Recorded data:
-*-
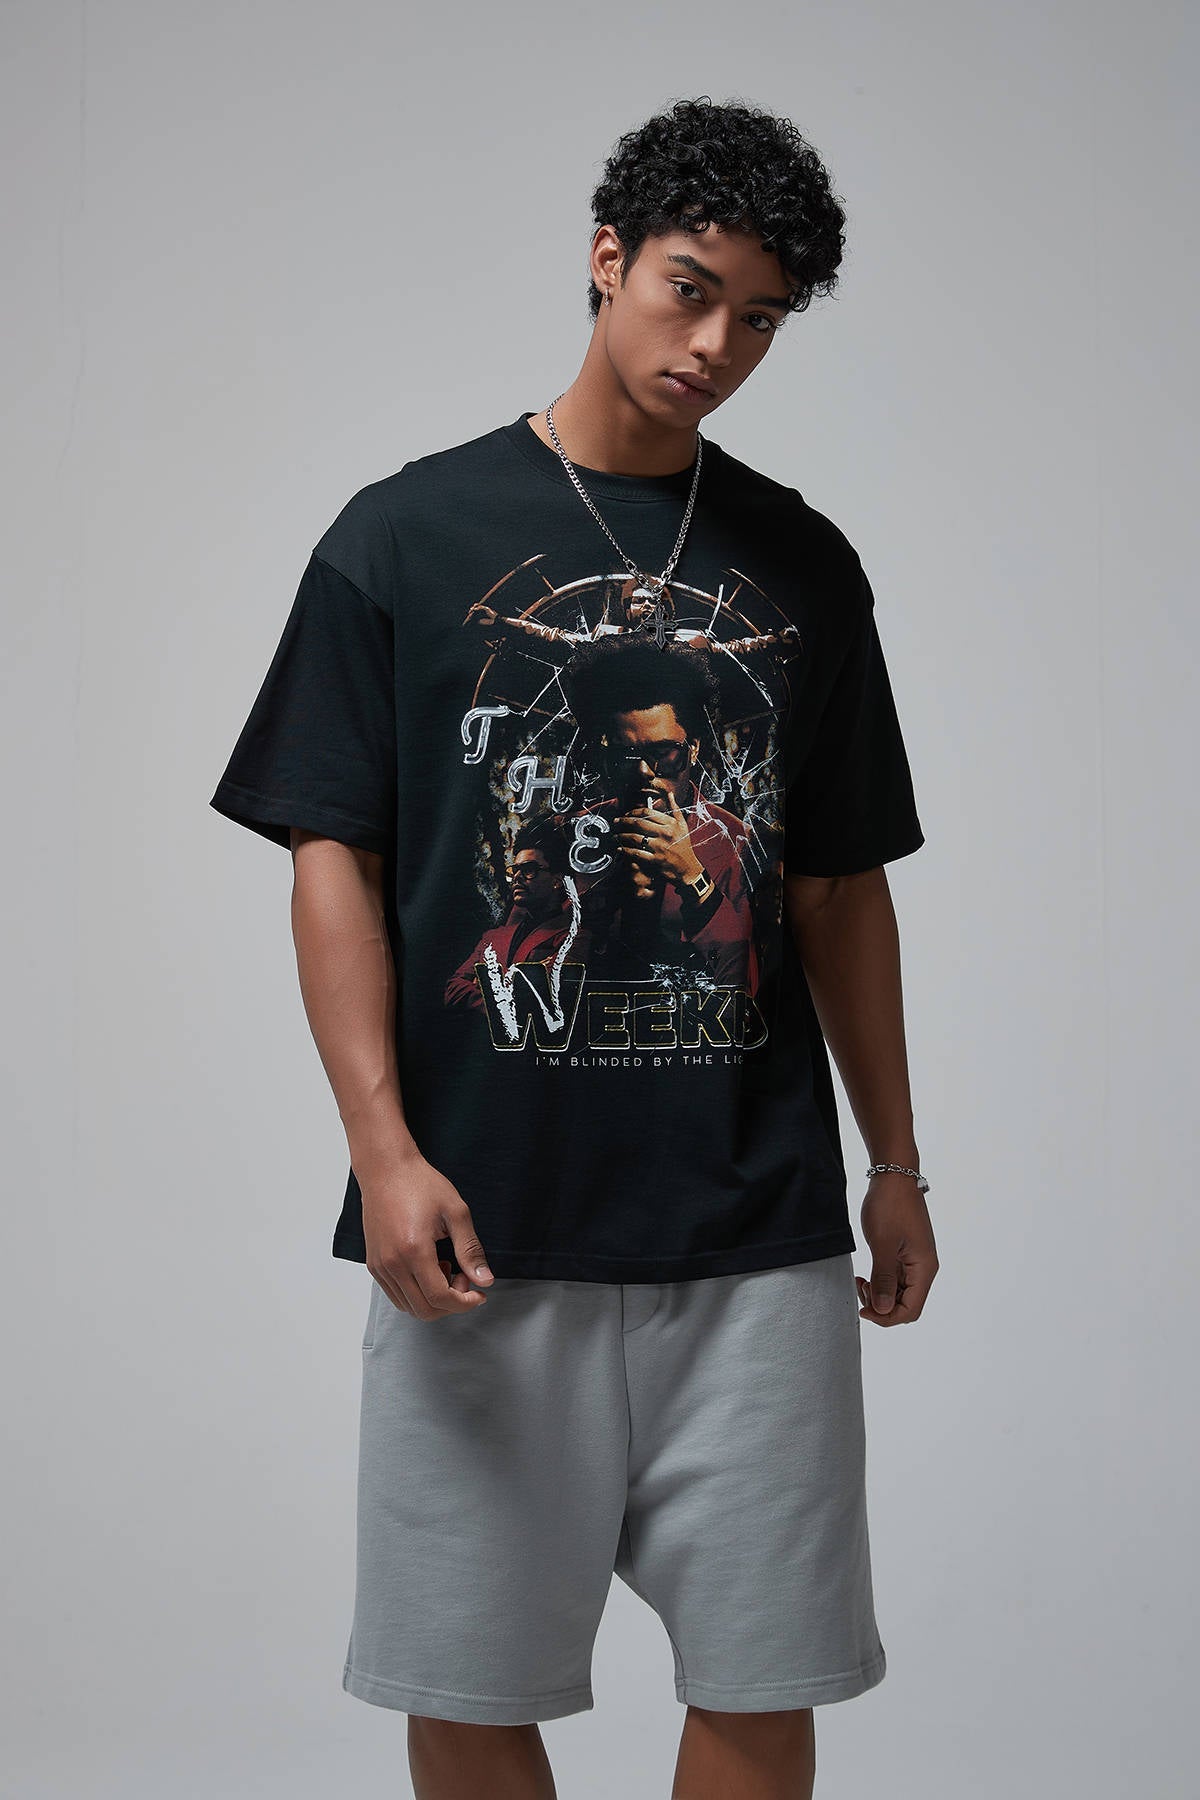 The Weeknd Print Men T-Shirt
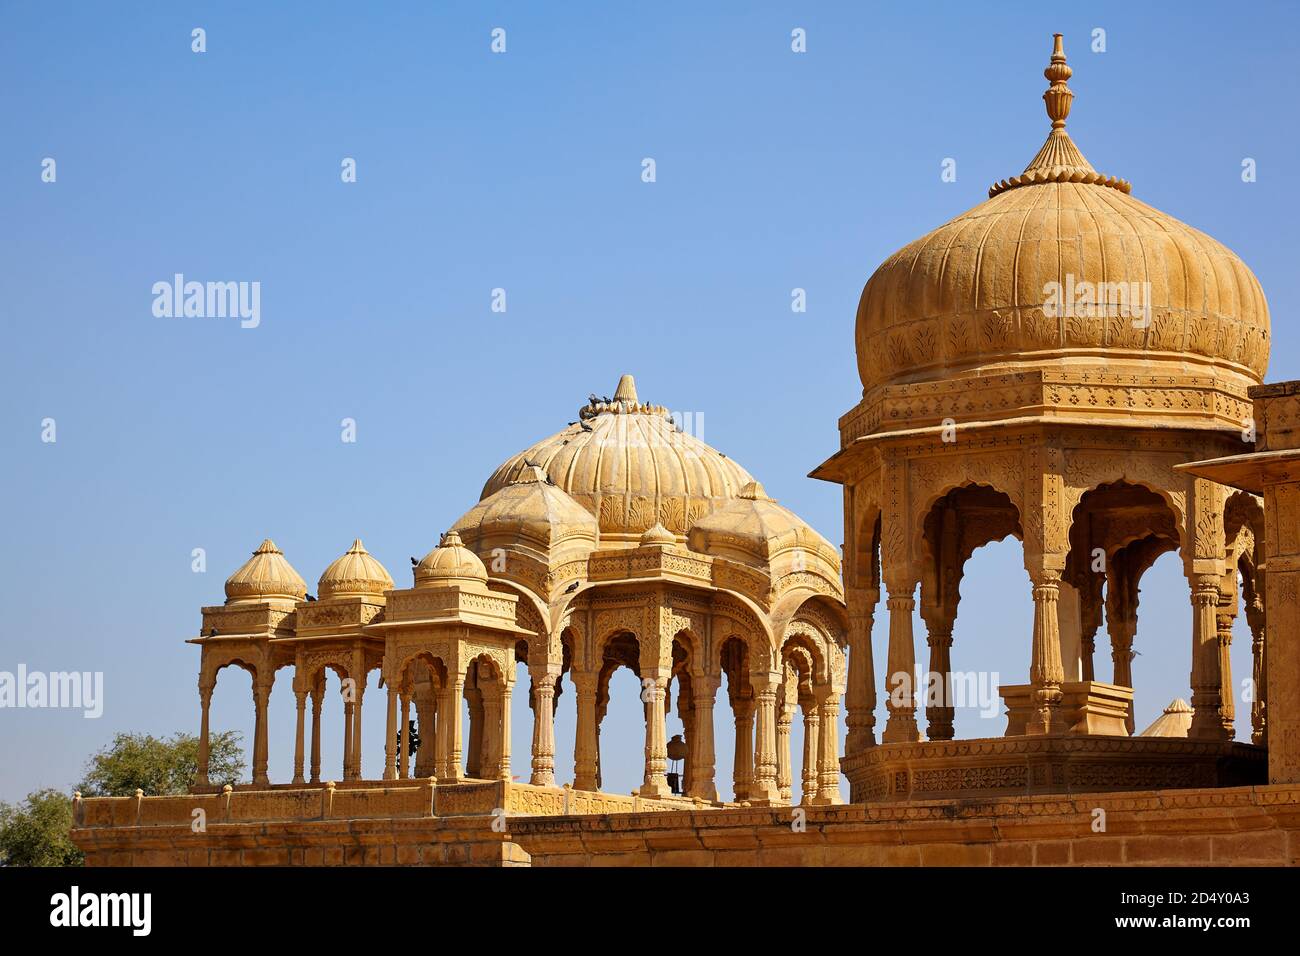 Foto di Chartis, mausoleo della tomba indù o cenotafs di Bada Bagh nel Rajastan. Architettura indo-islamica. Jaisalmer, India. Foto Stock
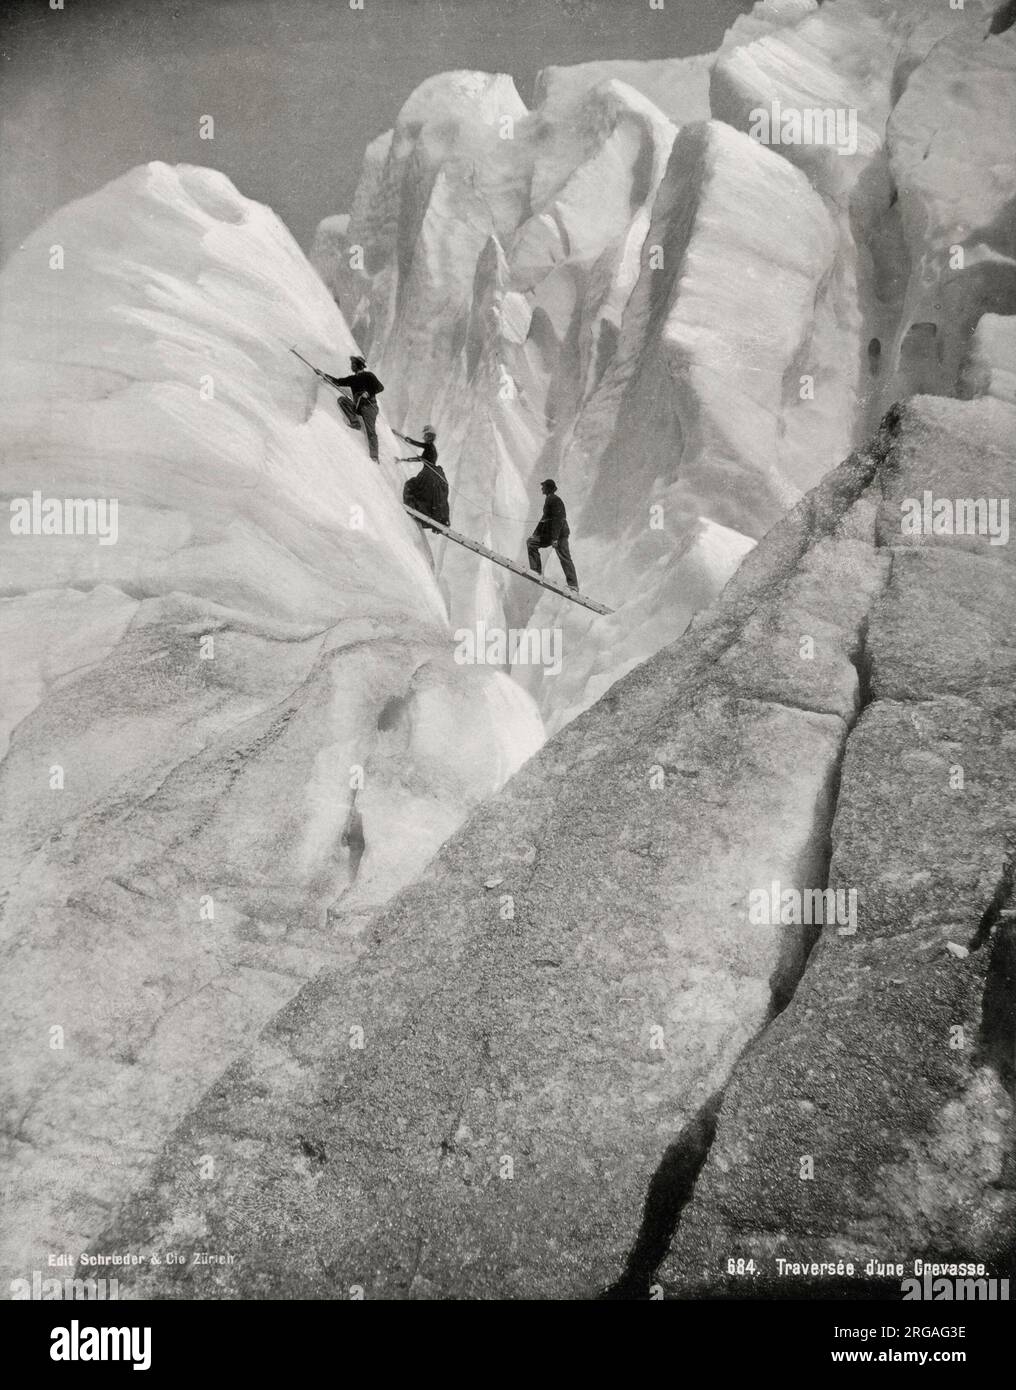 Fotografía del siglo XIX vintage - atravesando una grieta, escaladores en los Alpes. Foto de stock
-*-
Problem: Quote the full listing above word for word; exclude every picture from the copy.

Solution to the exercise:
 The Weeknd Print Men T-Shirt
 Foto di Chartis, mausoleo della tomba indù o cenotafs di Bada Bagh nel Rajastan. Architettura indo-islamica. Jaisalmer, India. Foto Stock
 Fotografía del siglo XIX vintage - atravesando una grieta, escaladores en los Alpes. Foto de stock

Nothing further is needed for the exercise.